[<prev] [next>] [<thread-prev] [day] [month] [year] [list]
Message-ID: <20131024065212.GB14083@birch.djwong.org>
Date: Wed, 23 Oct 2013 23:52:12 -0700
From: "Darrick J. Wong" <darrick.wong@...cle.com>
To: Eric Dumazet <eric.dumazet@...il.com>
Cc: Eric Dumazet <edumazet@...gle.com>,
"David S. Miller" <davem@...emloft.net>, netdev@...r.kernel.org,
linux-kernel <linux-kernel@...r.kernel.org>
Subject: Re: Deadlock in BPF JIT functions when running upowerd?

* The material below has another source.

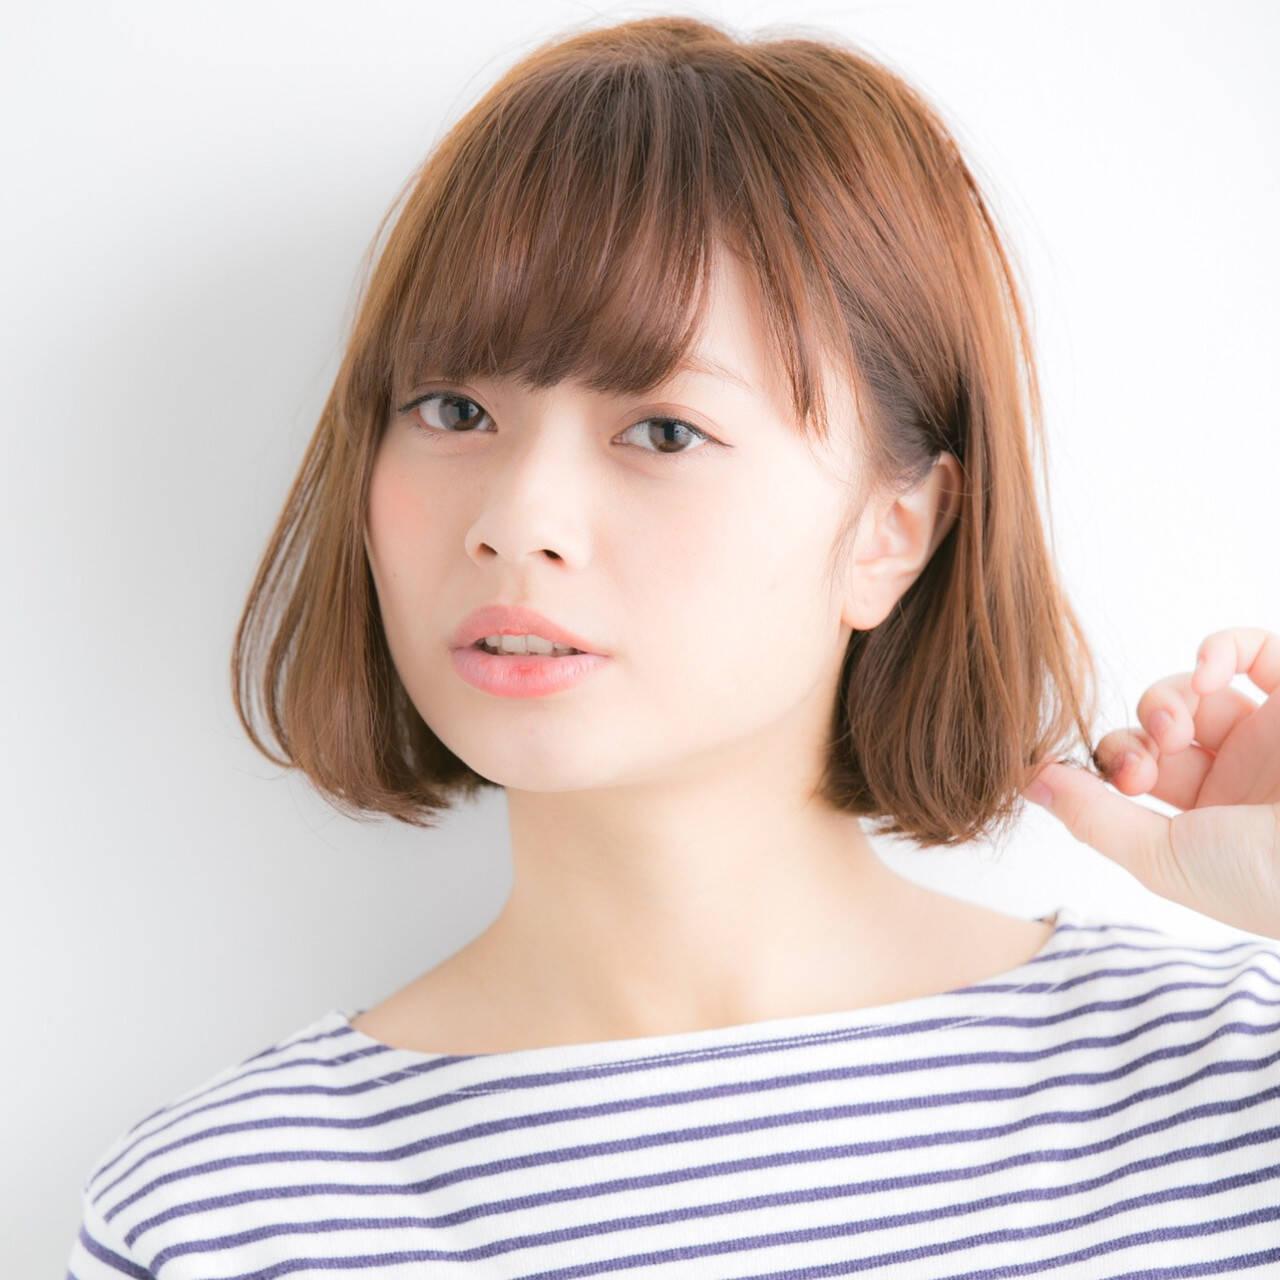 ナチュラル 小顔ヘア ミニボブ 切りっぱなしボブヘアスタイルや髪型の写真・画像

On Wed, Oct 23, 2013 at 11:25:13PM -0700, Eric Dumazet wrote:
> On Wed, 2013-10-23 at 18:17 -0700, Darrick J. Wong wrote:
> > Hi,
> >
> > I've been observing a softlockup with 3.11.6 and 3.12-rc6. It looks like
> > there's a deadlock occurring on purge_lock in __purge_vmap_area_lazy(). In
> > short, the BPF JIT code has been changed[1] to call set_memory_r[ow]() when
> > compiling and freeing JIT bytecode memory. It seems that it's possible for
> > upowerd to be compiling some BPF program and call __purge_vmap_area_lazy, then
> > the timer interrupt comes in (due to the IPI?) and a softirq calls
> > bpf_jit_free, which also calls __purge_vmap_area_lazy.
> >
> > I'm not really sure who's at fault here--is this a BPF bug?
> >
> > [1] 314beb9bcabfd6b4542ccbced2402af2c6f6142a
> > "x86: bpf_jit_comp: secure bpf jit against spraying attacks"
> >
> > --D
> >
> > Here's what 3.11.6 spits out; the 3.12-rc6 message has the same traceback.
> >
> > [ 52.370437] BUG: soft lockup - CPU#3 stuck for 22s! [upowerd:8359]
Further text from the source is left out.